> [Data]:
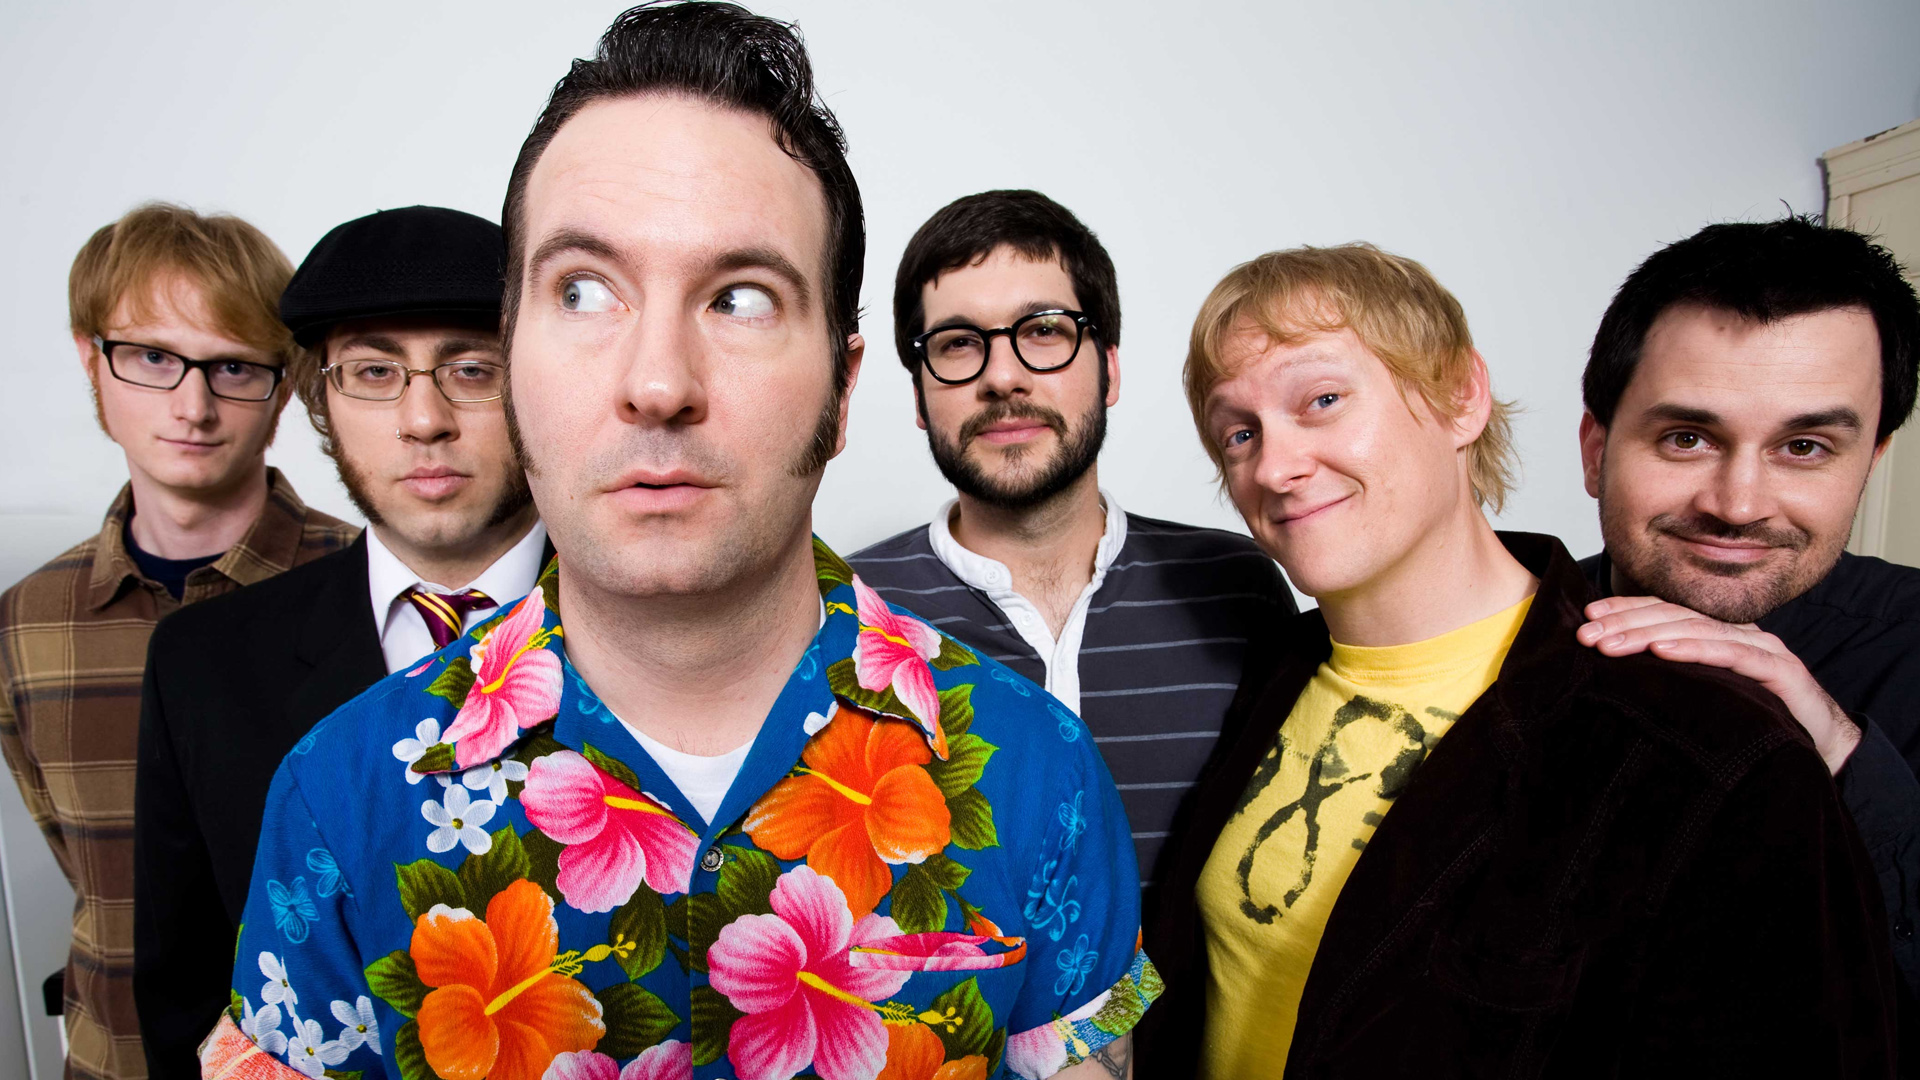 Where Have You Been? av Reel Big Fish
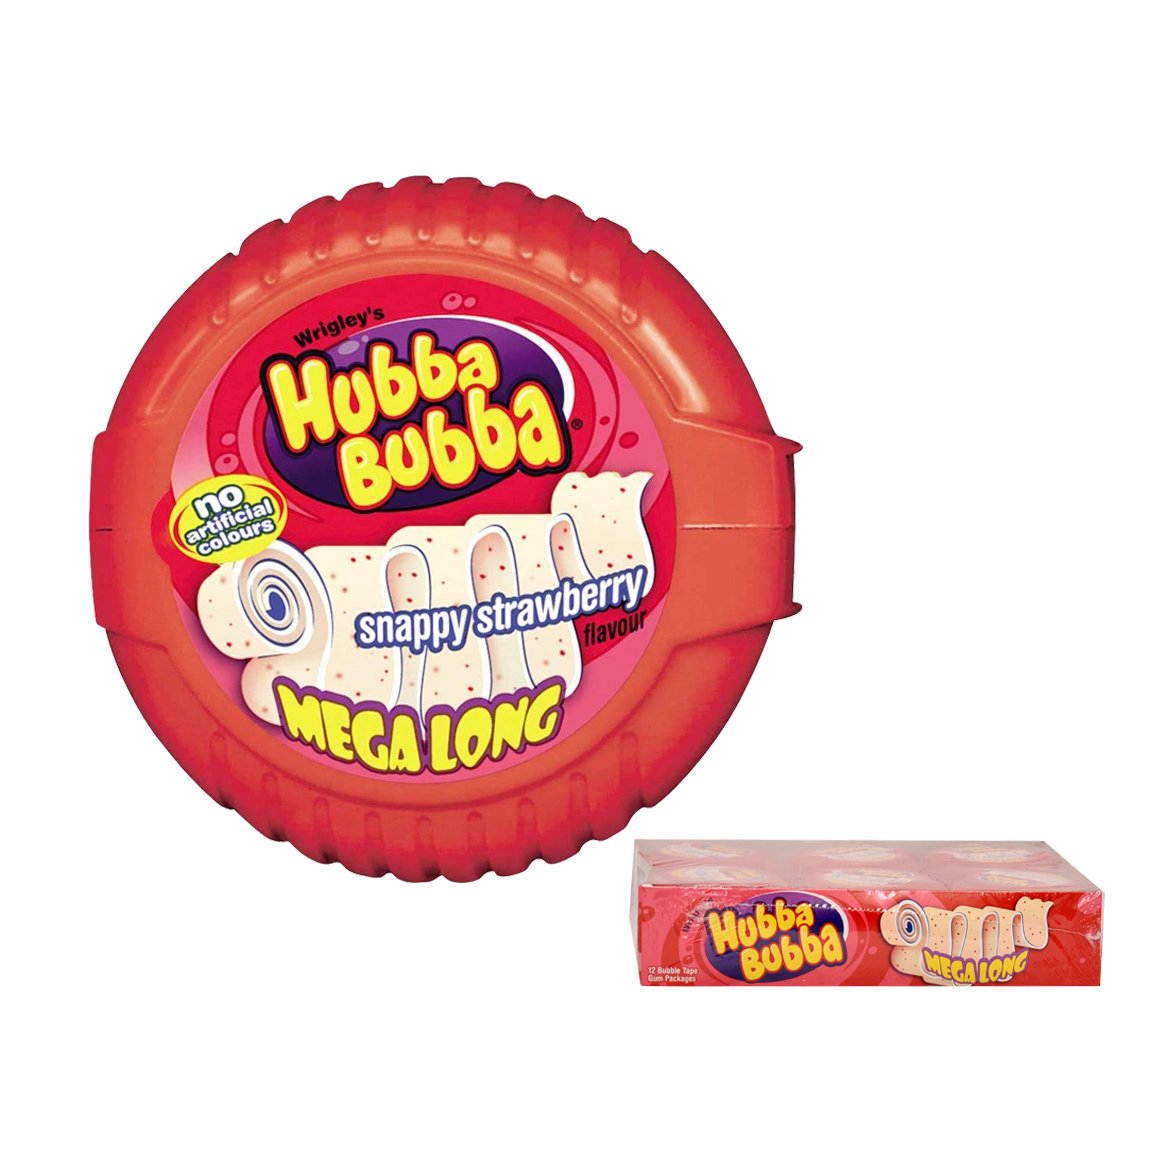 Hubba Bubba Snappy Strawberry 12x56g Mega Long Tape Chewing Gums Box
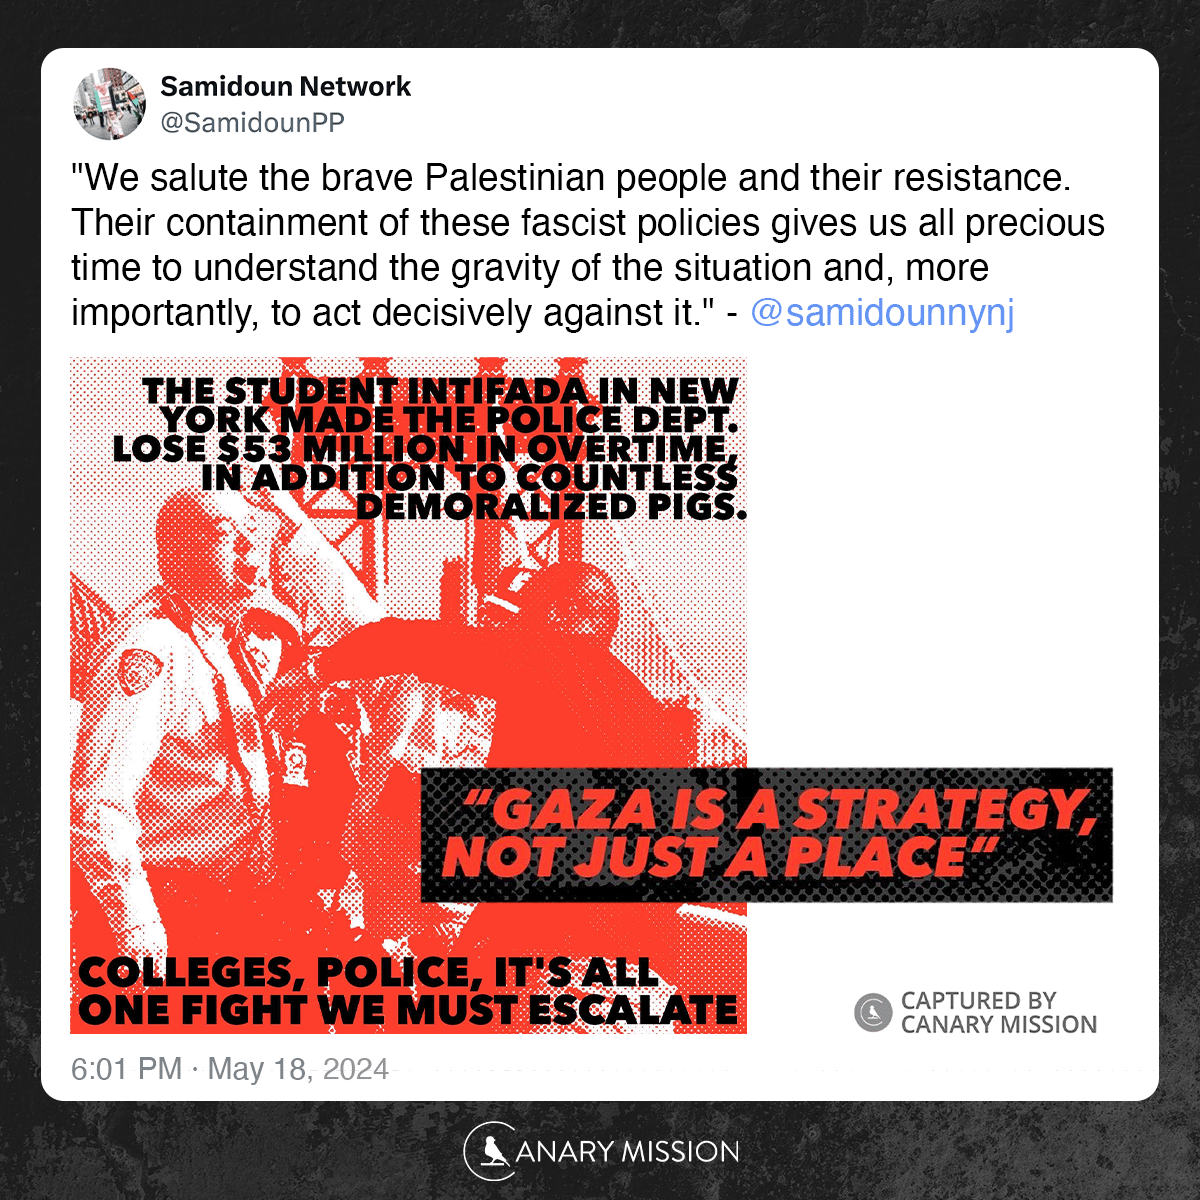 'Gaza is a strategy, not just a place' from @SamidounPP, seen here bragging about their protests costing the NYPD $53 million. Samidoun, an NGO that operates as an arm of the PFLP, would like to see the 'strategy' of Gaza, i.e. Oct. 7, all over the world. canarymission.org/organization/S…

> [Your goal]: Retype the full listing above precisely. Exclude each picture you find in it.

> [The answer]:
 Where Have You Been? av Reel Big Fish
 Hubba Bubba Snappy Strawberry 12x56g Mega Long Tape Chewing Gums Box
 'Gaza is a strategy, not just a place' from @SamidounPP, seen here bragging about their protests costing the NYPD $53 million. Samidoun, an NGO that operates as an arm of the PFLP, would like to see the 'strategy' of Gaza, i.e. Oct. 7, all over the world. canarymission.org/organization/S…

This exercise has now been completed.